■ Supplied data ■
[Start of section]

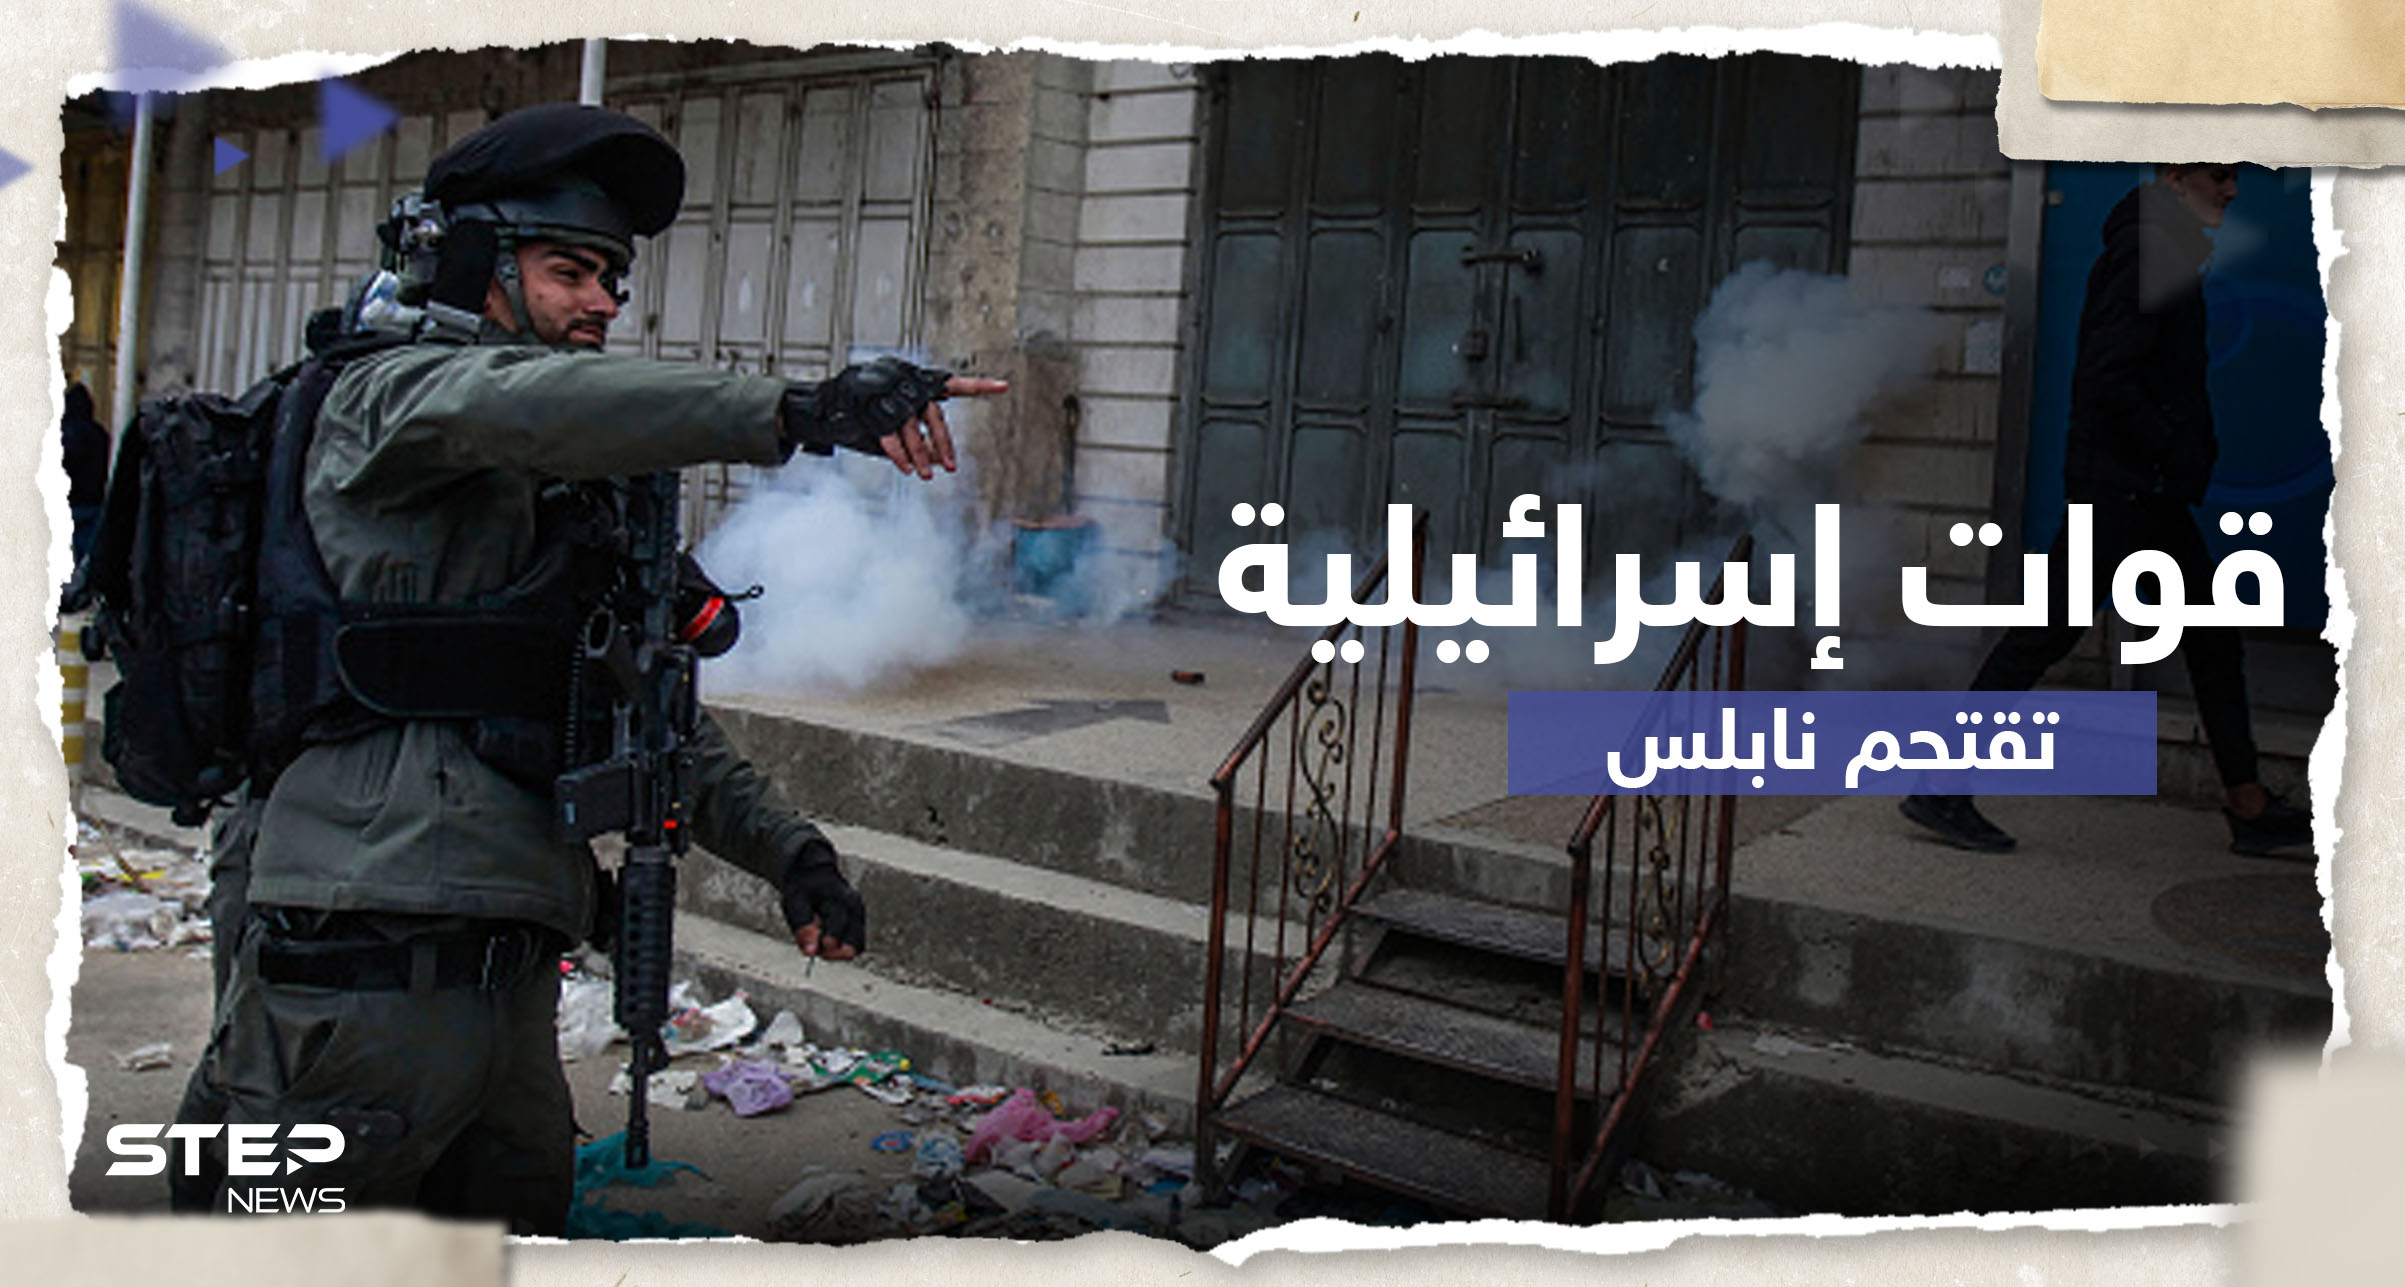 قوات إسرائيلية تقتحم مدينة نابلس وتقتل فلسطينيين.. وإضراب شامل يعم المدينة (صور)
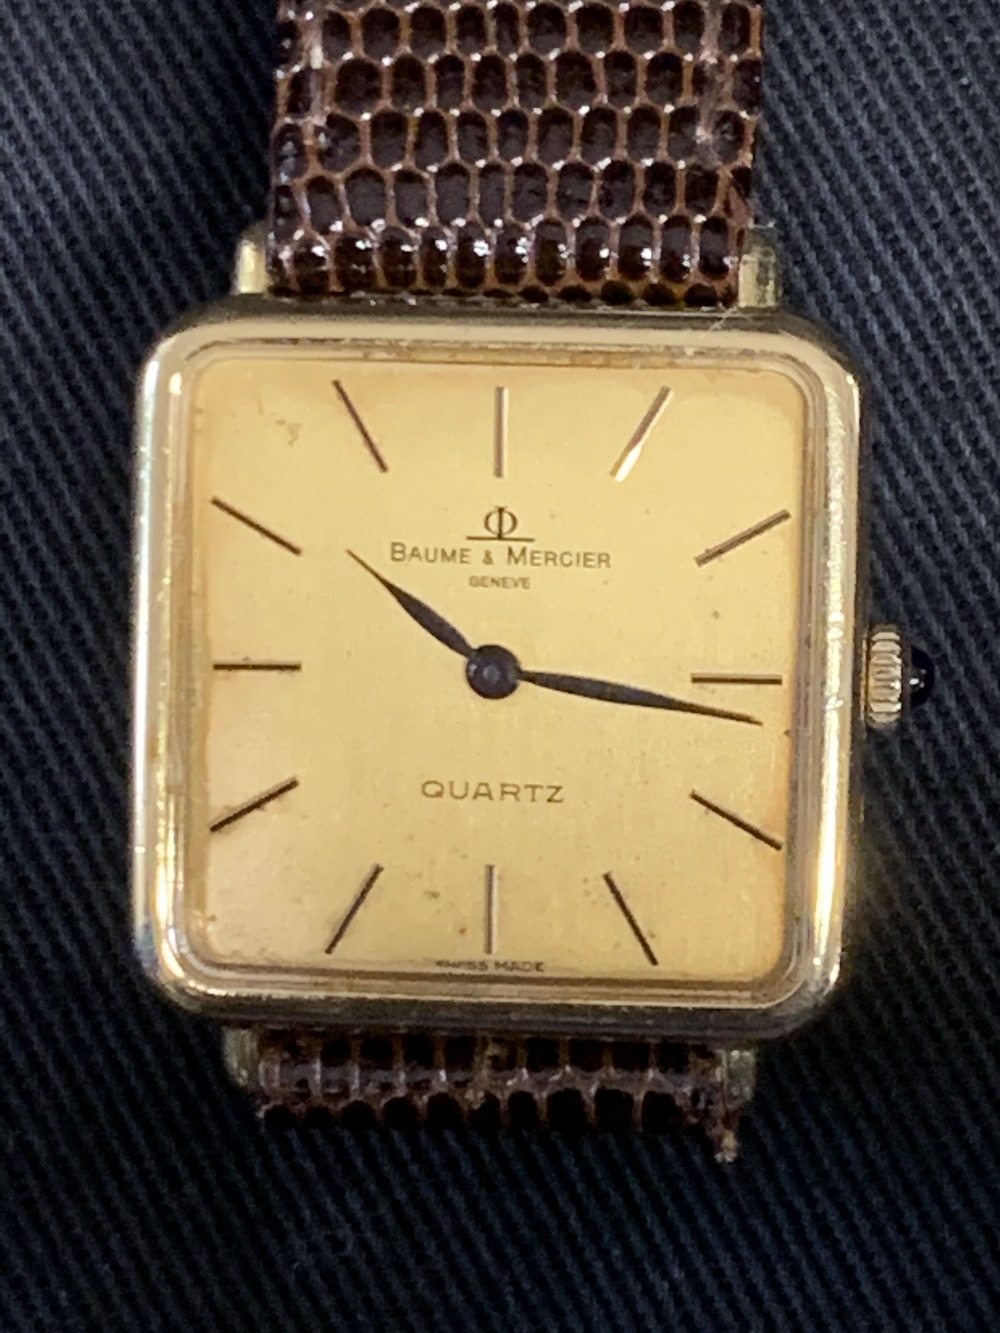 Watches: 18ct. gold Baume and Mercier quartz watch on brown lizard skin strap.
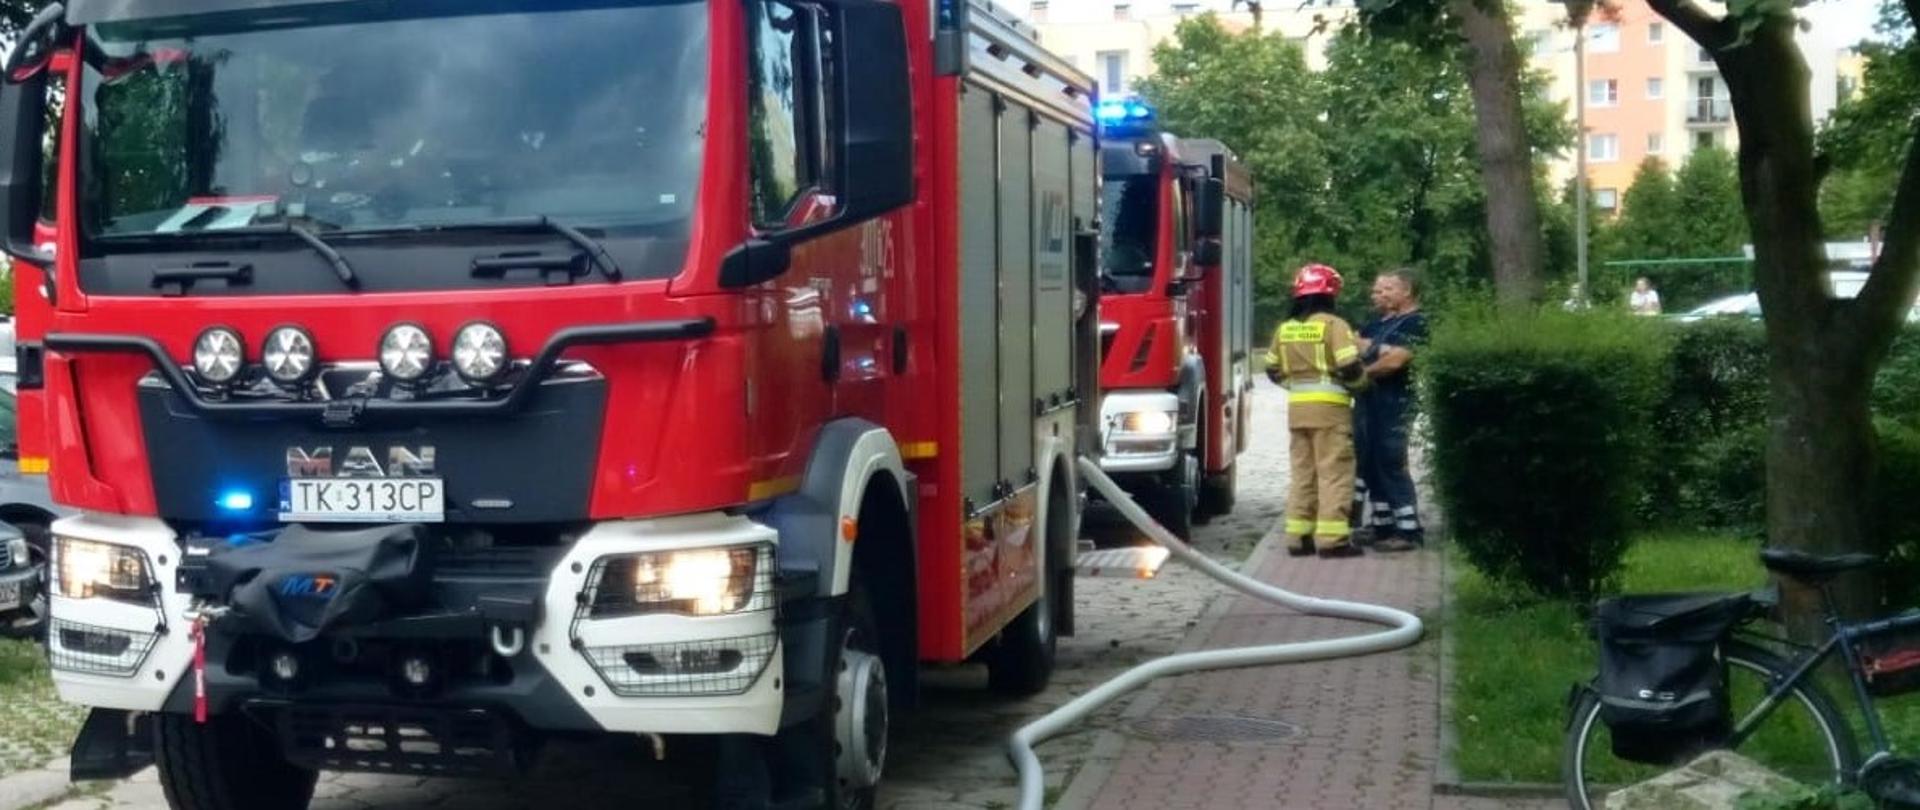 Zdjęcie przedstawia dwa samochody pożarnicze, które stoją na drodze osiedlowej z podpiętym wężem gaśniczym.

[End of section]

■ Problem ■
Every line above should be transcribed exactly, though no image should be carried over.

■ Written answer ■
 قوات إسرائيلية تقتحم مدينة نابلس وتقتل فلسطينيين.. وإضراب شامل يعم المدينة (صور)
 Watches: 18ct. gold Baume and Mercier quartz watch on brown lizard skin strap.
 Zdjęcie przedstawia dwa samochody pożarnicze, które stoją na drodze osiedlowej z podpiętym wężem gaśniczym.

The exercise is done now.